• _Exercise details_
From the data below, set down exactly the lines between the one holding "Coloring Family snowmen." and the one holding "Tech21 Evo Check", inclusive, and no others.

• _Available data_
------------------------------------

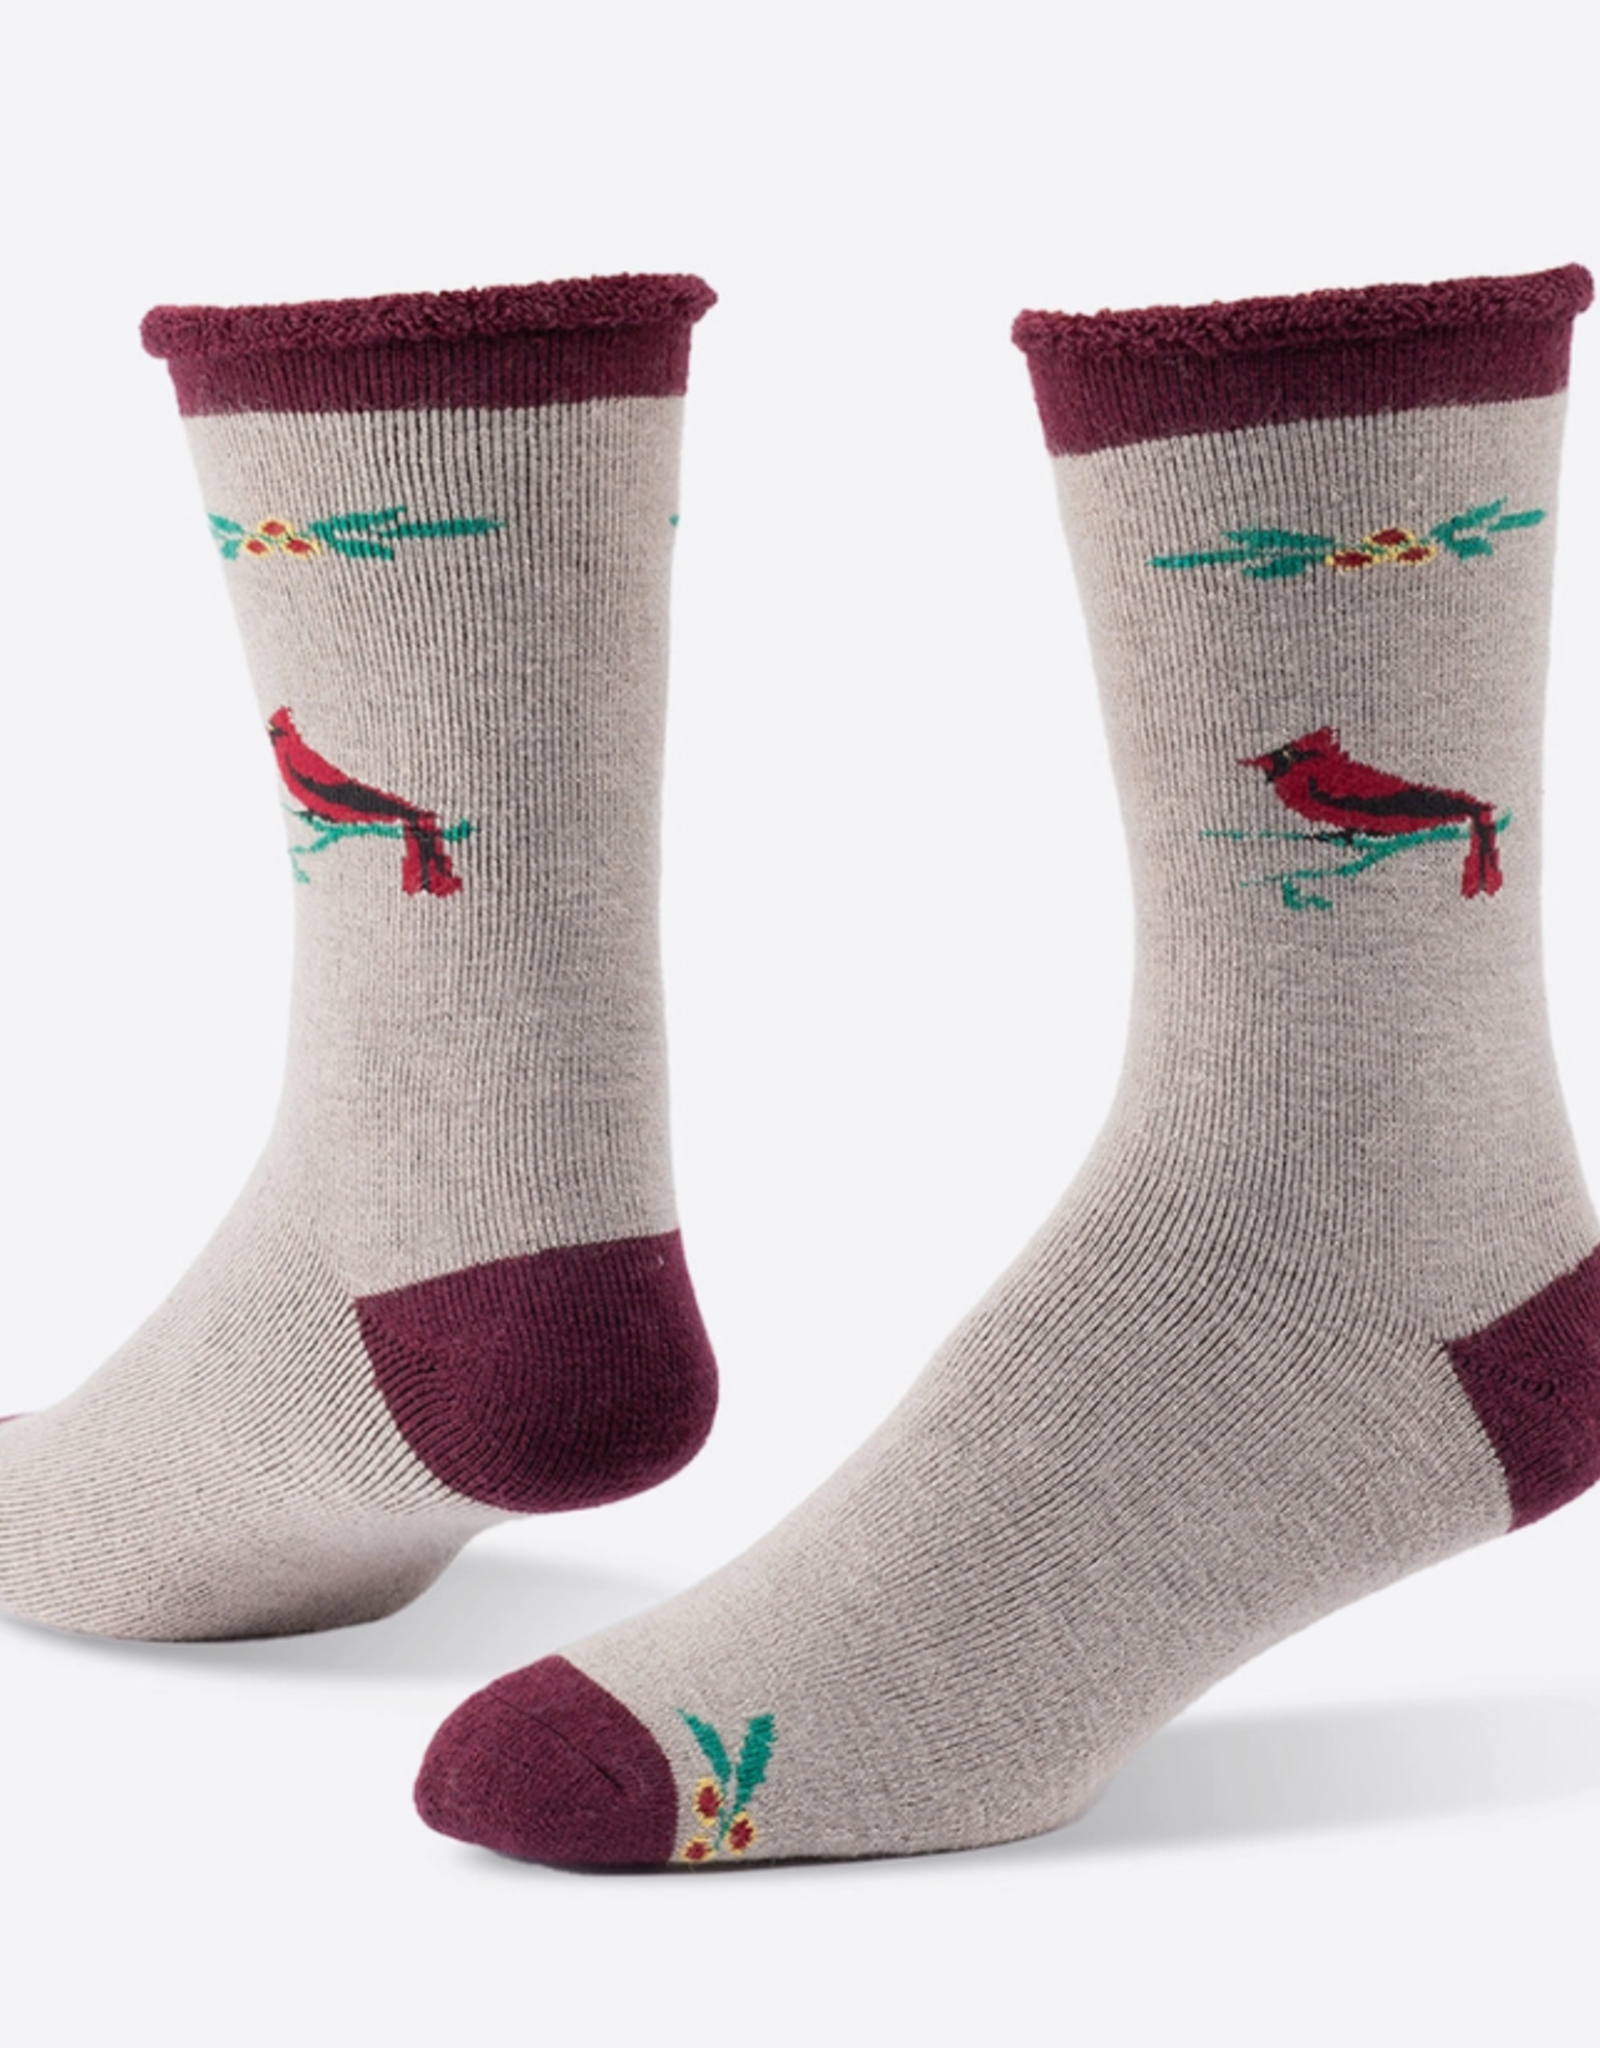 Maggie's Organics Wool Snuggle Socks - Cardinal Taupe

------------------------------------

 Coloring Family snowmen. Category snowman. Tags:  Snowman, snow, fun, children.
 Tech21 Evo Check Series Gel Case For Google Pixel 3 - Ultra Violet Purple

------------------------------------

• _Result of the exercise_
 Coloring Family snowmen. Category snowman. Tags:  Snowman, snow, fun, children.
 Tech21 Evo Check Series Gel Case For Google Pixel 3 - Ultra Violet Purple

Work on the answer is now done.